A study is done by a community group in two neighboring colleges to determine which one graduates students with more math classes. College A samples 11 graduates and finds the mean is 4 math classes with a standard deviation of 1.5 math classes. College B samples 9 graduates and finds the mean is 3.5 math classes with a standard deviation of 1 math class. The community group believes that a student who graduates from college A has taken more math classes, on the average. Test at a 10% significance level.

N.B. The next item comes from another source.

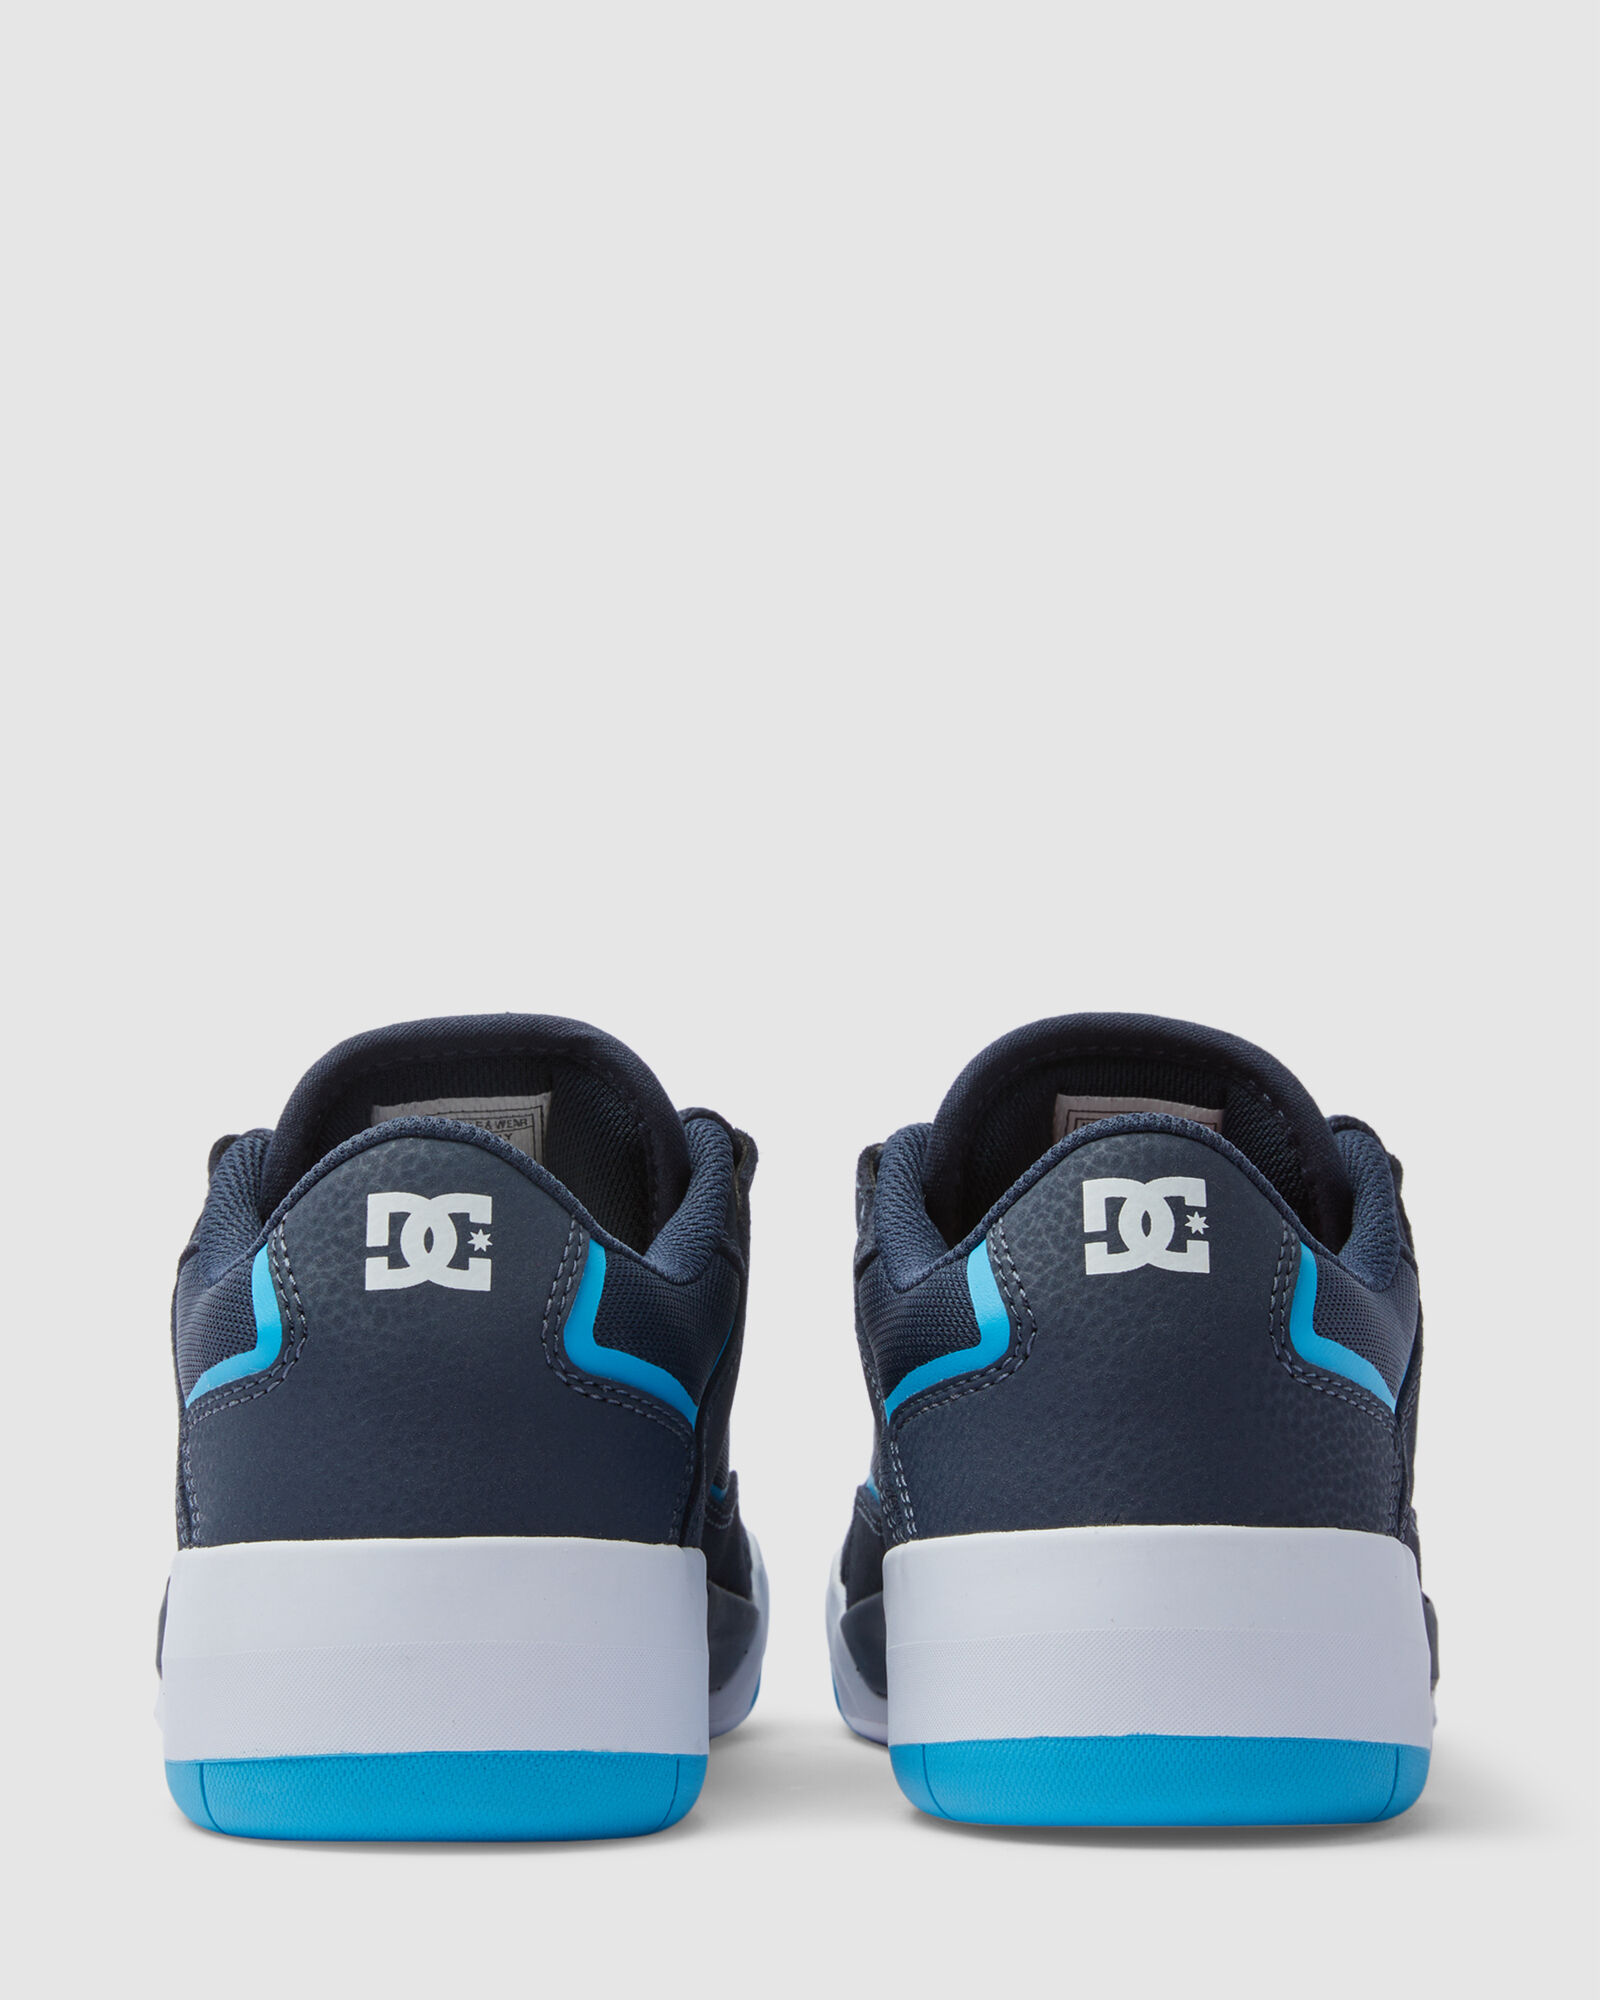 DC Shoes Shoes | Pure Shoes Black/Grey/Blue - Mens ⋆ Drzubedatumbi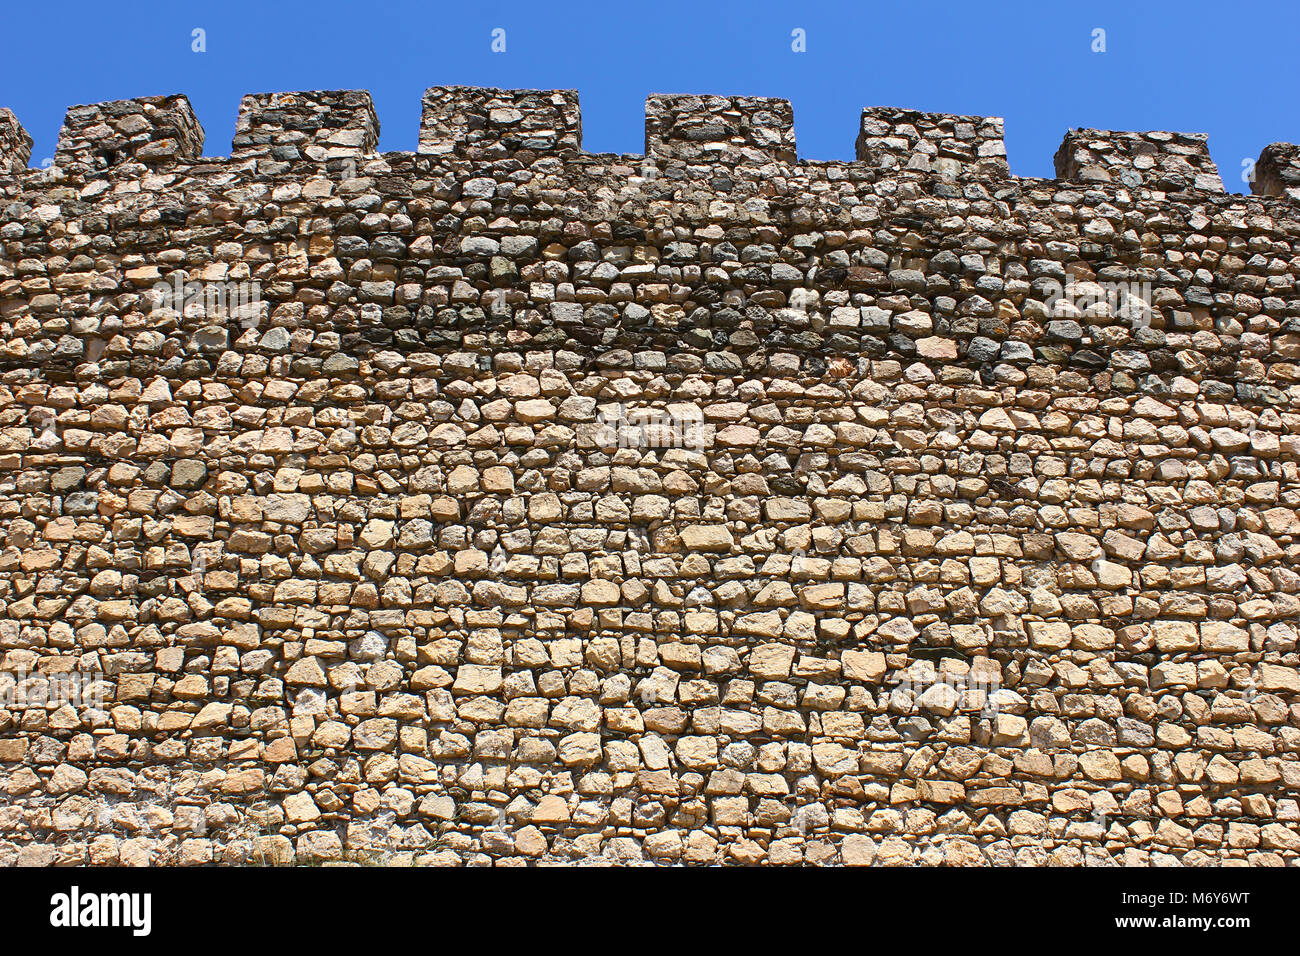 Castle of Arraiolos, Alentejo, Portugal Stock Photo

Assume the requirements for a valid hypothesis test are satisfied.

Answer 1

Answer:

$t=\frac{(4-3.5)-0}{\sqrt{\frac{1.5^2}{11}+\frac{1^2}{9}}}}=0.890$  

The p value for this case would be:

$p_v =P(t_{18}>0.890)=0.193$  

The p value is higher than the significance level so then we can conclude that we can FAIL to reject the null hypothesis and then the true mean for group A is not significantly higher than the mean for B

Step-by-step explanation:

Information given

$\bar X_{1}=4$ represent the mean for sample A

$\bar X_{2}=3.5$ represent the mean for sample B

$s_{1}=1.5$ represent the sample standard deviation for A

$s_{2}=1$ represent the sample standard deviation for B  

$n_{1}=11$ sample size for the group A

$n_{2}=9$ sample size for the group B  

$\alpha=0.1$ Significance level provided

t would represent the statistic

Hypothesis to test

We want to verify if the student who graduates from college A has taken more math classes, on the average, the system of hypothesis would be:  

Null hypothesis:$\mu_{1}-\mu_{2} \leq 0$  

Alternative hypothesis:$\mu_{1} - \mu_{2}> 0$  

The statistic is given by:

$t=\frac{(\bar X_{1}-\bar X_{2})-\Delta}{\sqrt{\frac{s^2_{1}}{n_{1}}+\frac{s^2_{2}}{n_{2}}}}$ (1)  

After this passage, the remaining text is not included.